Comment le leadership Sarkozy-Merkel passe-t-il en Europe

Par , le 08 décembre 2011 à 05h45 , mis à jour le 08 décembre 2011 à 11h05

Dossiers : UE, Crise financière

La crise de la dette met plus que jamais en avant le rôle prédominant de la France et de l'Allemagne dans l'UE. Ce leadership, souvent apparenté à un "condominium", est perçu de manière différente selon les pays. Pour s'en rendre compte, TF1 News a interrogé plusieurs correspondants de presse.

Angela Merkel et Nicolas Sarkozy à l'Elysée, le 5/12/11Angela Merkel et Nicolas Sarkozy à l'Elysée, le 5/12/11 © A.F.P.

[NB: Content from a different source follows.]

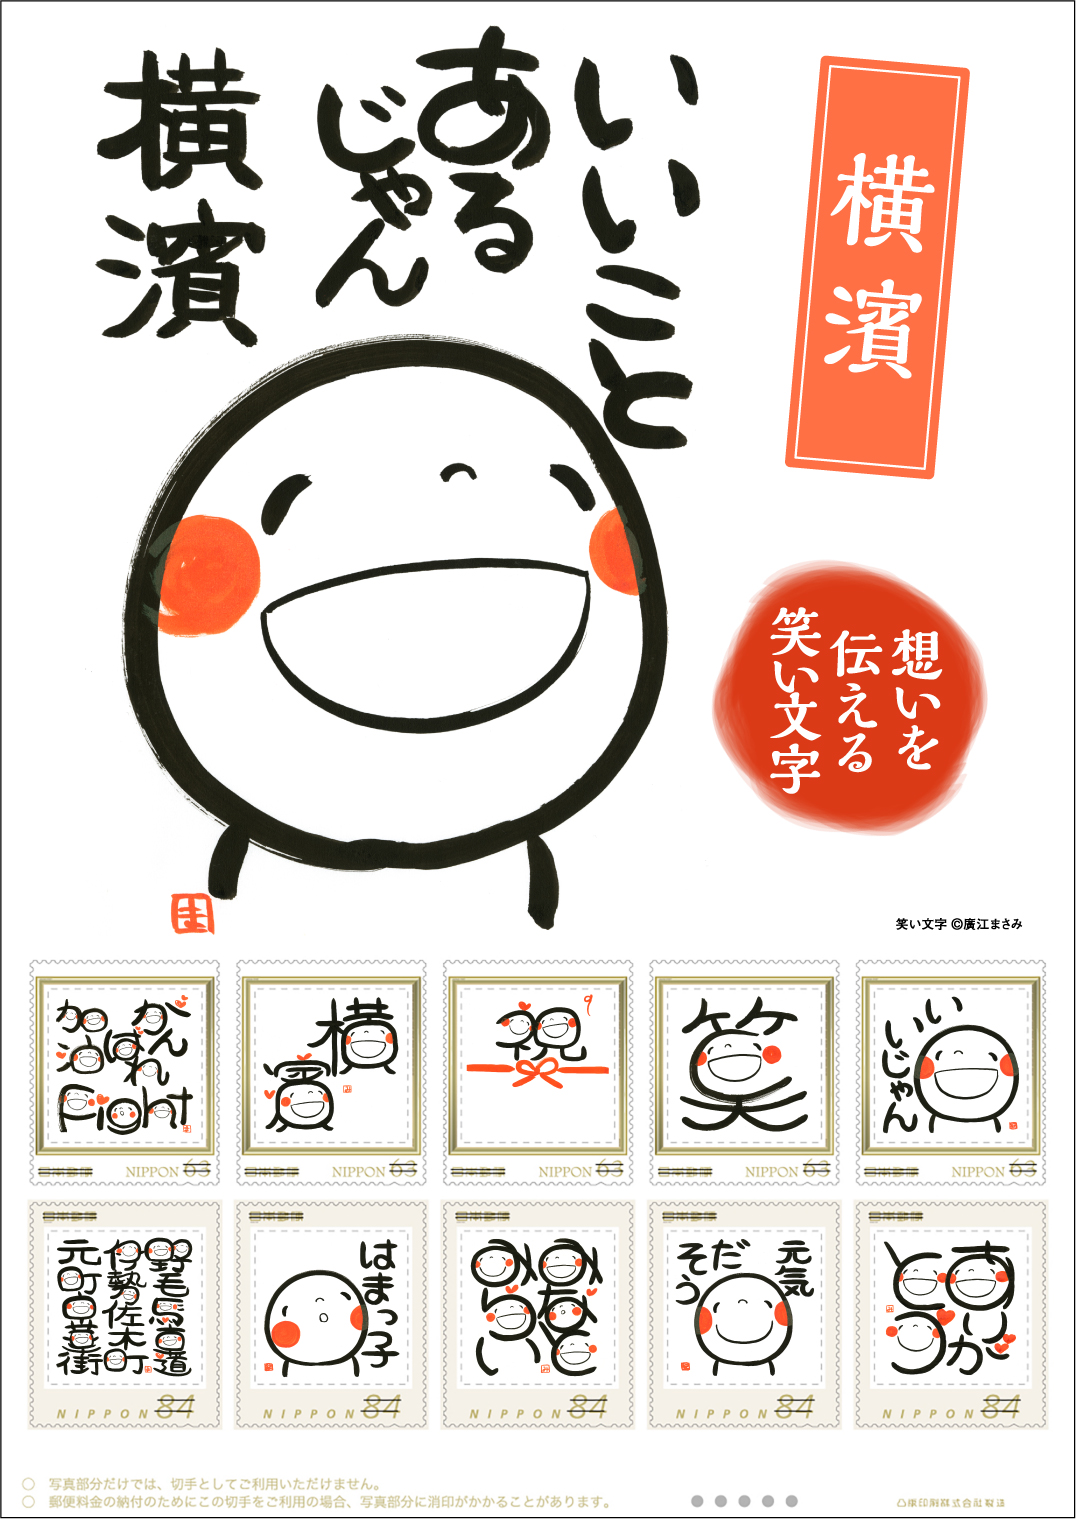 オリジナル フレーム切手「いいことあるじゃん 横濱」の販売開始と販売記念イベントの開催

"Nous sommes tous concernés par cette crise". A différents degrés selon leur situation économique, qu'ils appartiennent à la zone euro comme l'Italie, les Pays-Bas ou l'Espagne, qu'ils n'en fassent pas partie comme le Royaume-Uni, voire qu'ils n'appartiennent pas du tout à l'Union européenne, comme la Suisse, le mot d'ordre semble aujourd'hui le même dans la plupart des pays du continent.  Et il est relayé par la plupart des journalistes étrangers basés à Paris ou à Bruxelles. "Il faut une solution rapide", relèvent-ils.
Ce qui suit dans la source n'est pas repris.